There just aren't many teeth to this Bears' team. Even Forte was held to about two yards per carry. Bennett came up big with eleven catches, and Jeffery came through on the opportunities he did have, but the Bears just don't have the defense to play anything less than perfect on offense.
The Bears did fight back to within ten points, and maybe if they got going a little sooner than they did, it could have been an actual game instead of fighting back against a defense only playing such by virtue of playing eleven players against the Bears offense. At least they fought back, though. It beats getting pounded by thirty with no semblance of being competitive.

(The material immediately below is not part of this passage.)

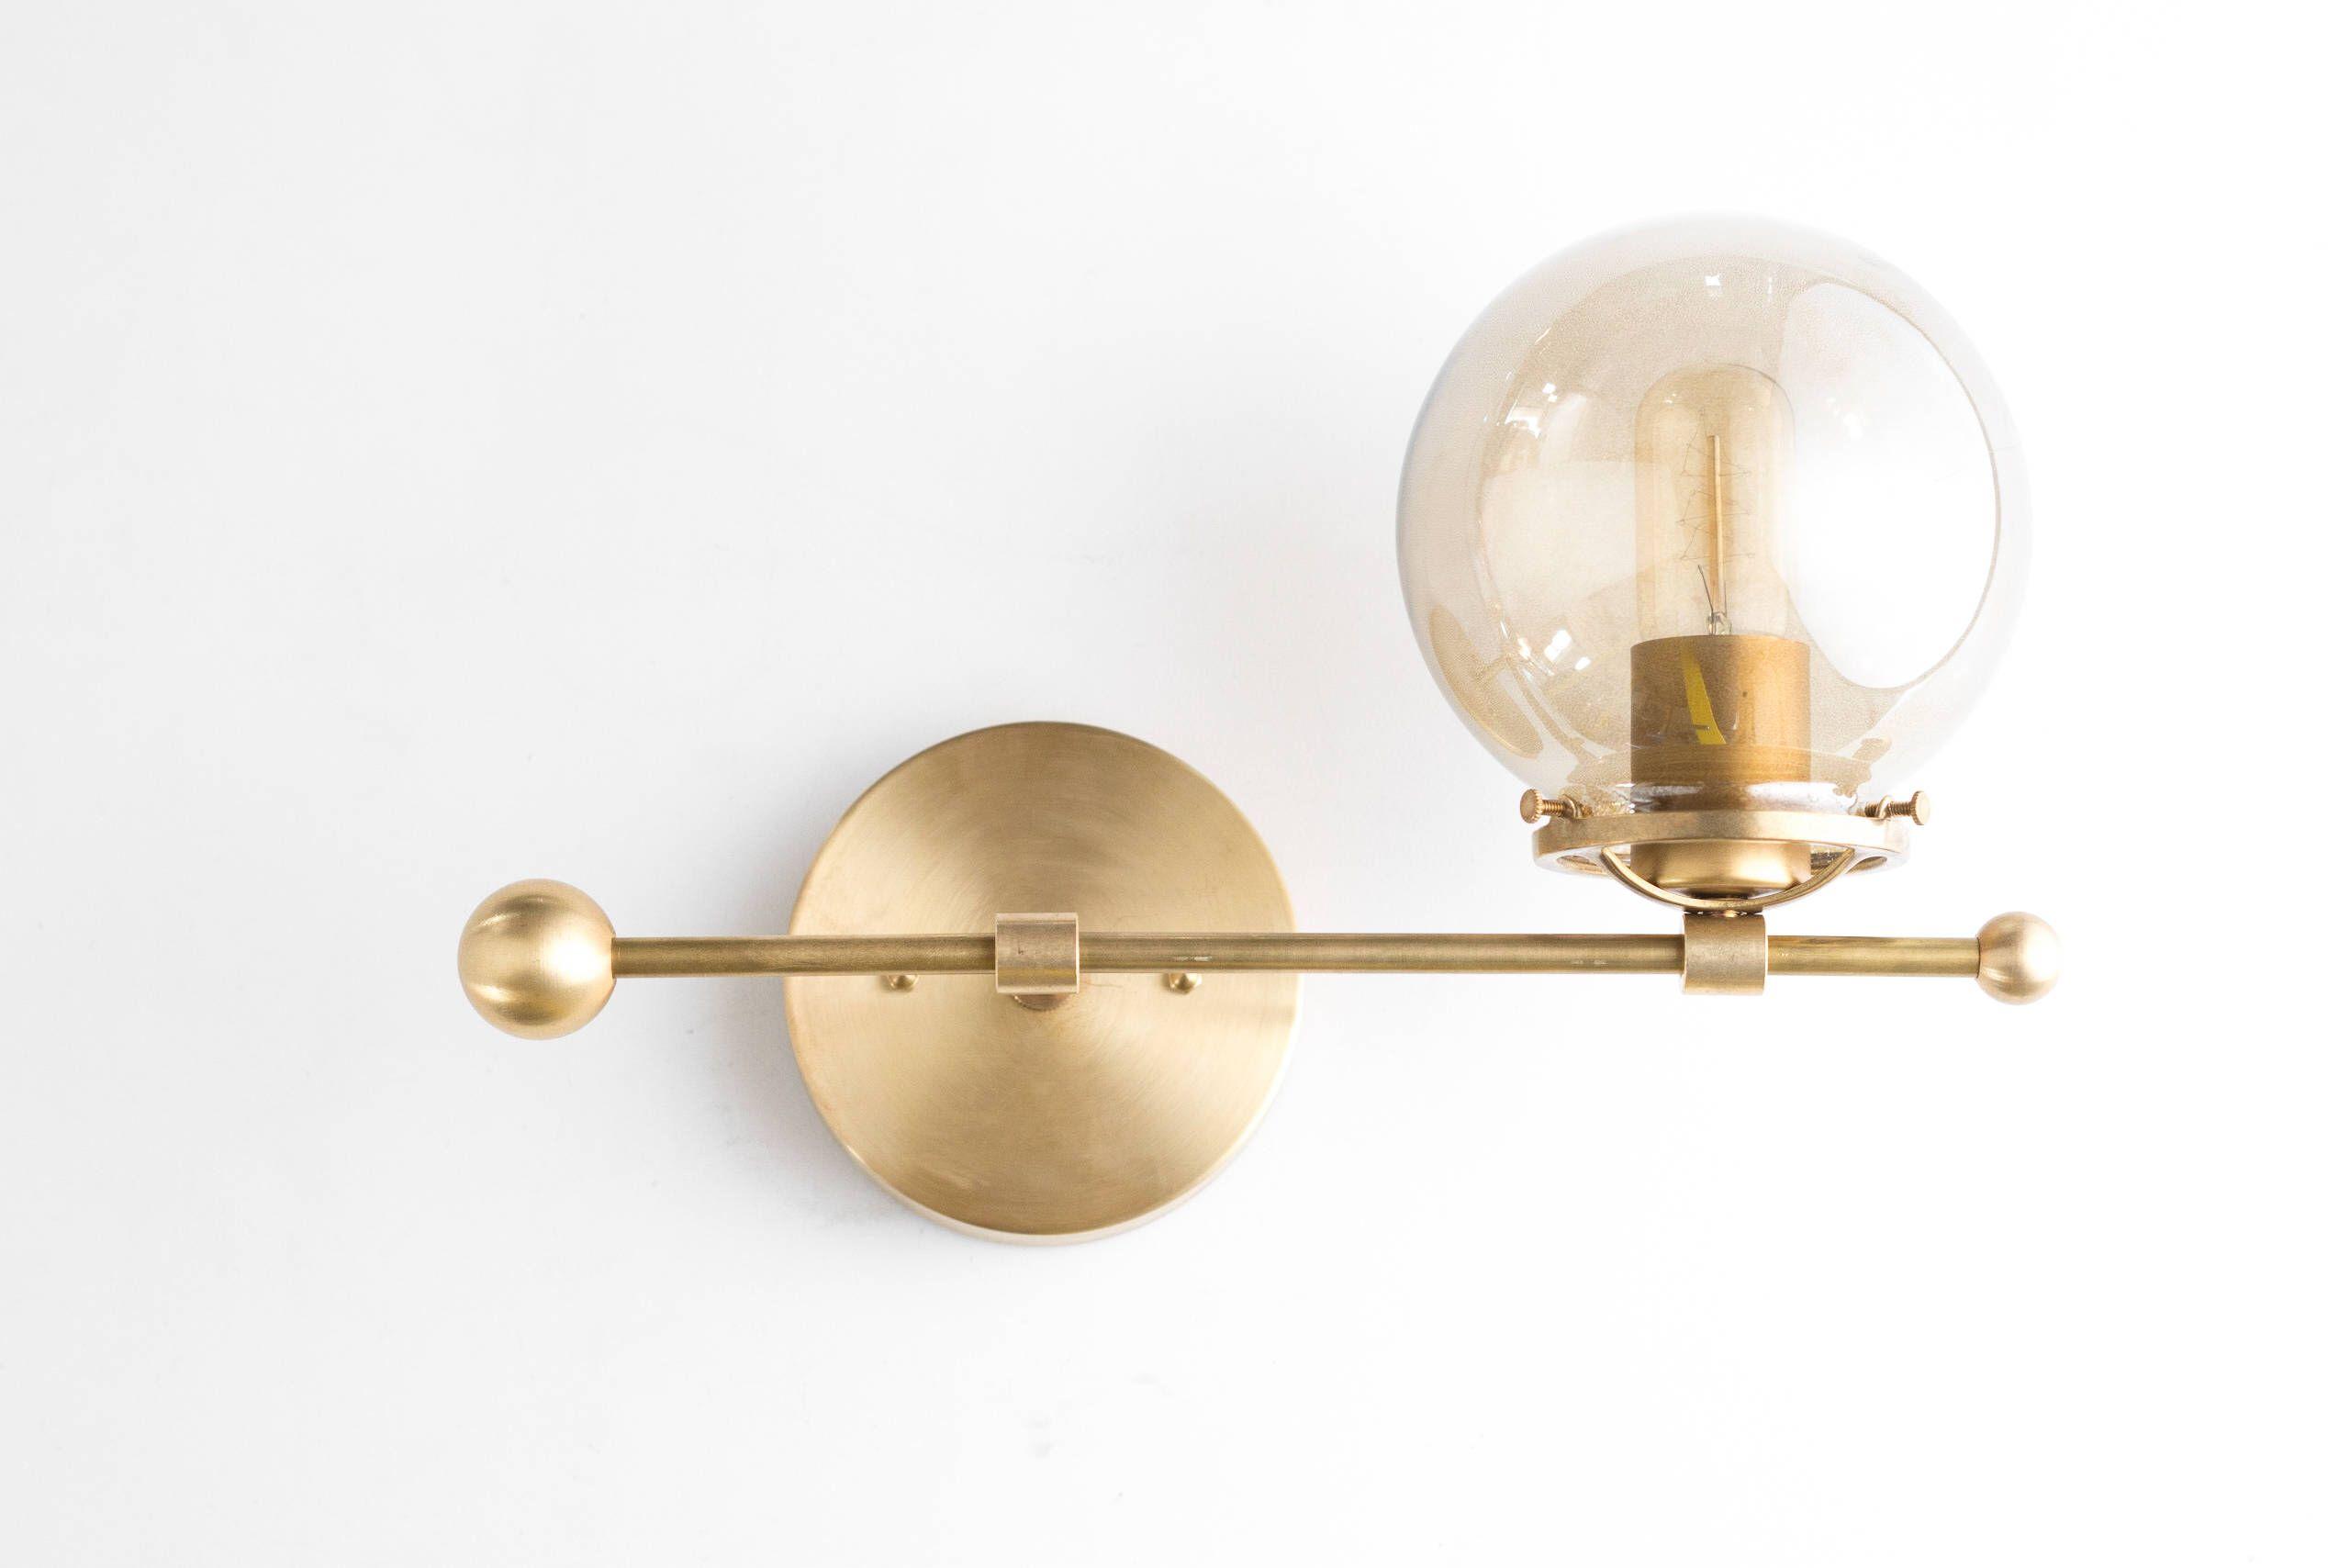 art aplique wall lampara gold old envejecido oro productos faro lamp en

Let's take a few bullet points before wrapping this up:
- If you're kicking an onside kick at the start of the fourth quarter, and there are at least two other situations this year alone where such an action might have also been appropriate, you're not a playoff team. And speaking of onside kicks, Jay Feely kicked one that the Bears converted.
- Regarding the two-point conversion midway through the fourth quarter: Do the Bears get a point for every player involved in shoving Forte across the line?
- Willie Young against a running back is a fun mismatch. It's good to see the Bears' premier pass rusher win that match up.
- The interception thrown by Jay Cutler to seal the game wasn't a bad throw, just a great play by Orlando Scandrick. That, unfortunately, happens when you're trying to make plays at the end of the game. Cutler's passer rating on the day was still over 96.
- A couple of really scary numbers, the Bears were 2-10 on third down conversions, and only held the ball for 27 minutes and 32 seconds. They ran about the same number of plays.
- 15 rushing attempts is more than last week's called 7, but Ka'Deem Carey still got fewer carries this week (0) than he did last week.
- The back four had a miserable game in the defense (Chris Conte, especially), and there wasn't much in the way of pass rush outside of Willie Young, but I thought at linebacker, Shea McClellin had a decent game. Jon Bostic, not so much, and Christian Jones got hit a couple times with special teams penalties. There was just no answer for the Cowboys' offensive line, especially as they kept lanes open for DeMarco Murray (who was flat out outstanding).
Really, there isn't much more to say. The Cowboys came in, punched the Bears hard in the mouth at the end of the second quarter and early in the third, and the Bears' answers late in the game just weren't ever going to be enough. The Cowboys dared them to keep up, and the Bears just couldn't. So a victory by Detroit or Seattle this week (a single win by either team) will promptly eliminate the Bears from the playoffs, and this farce of a meaningful season can finally, and mercifully, end.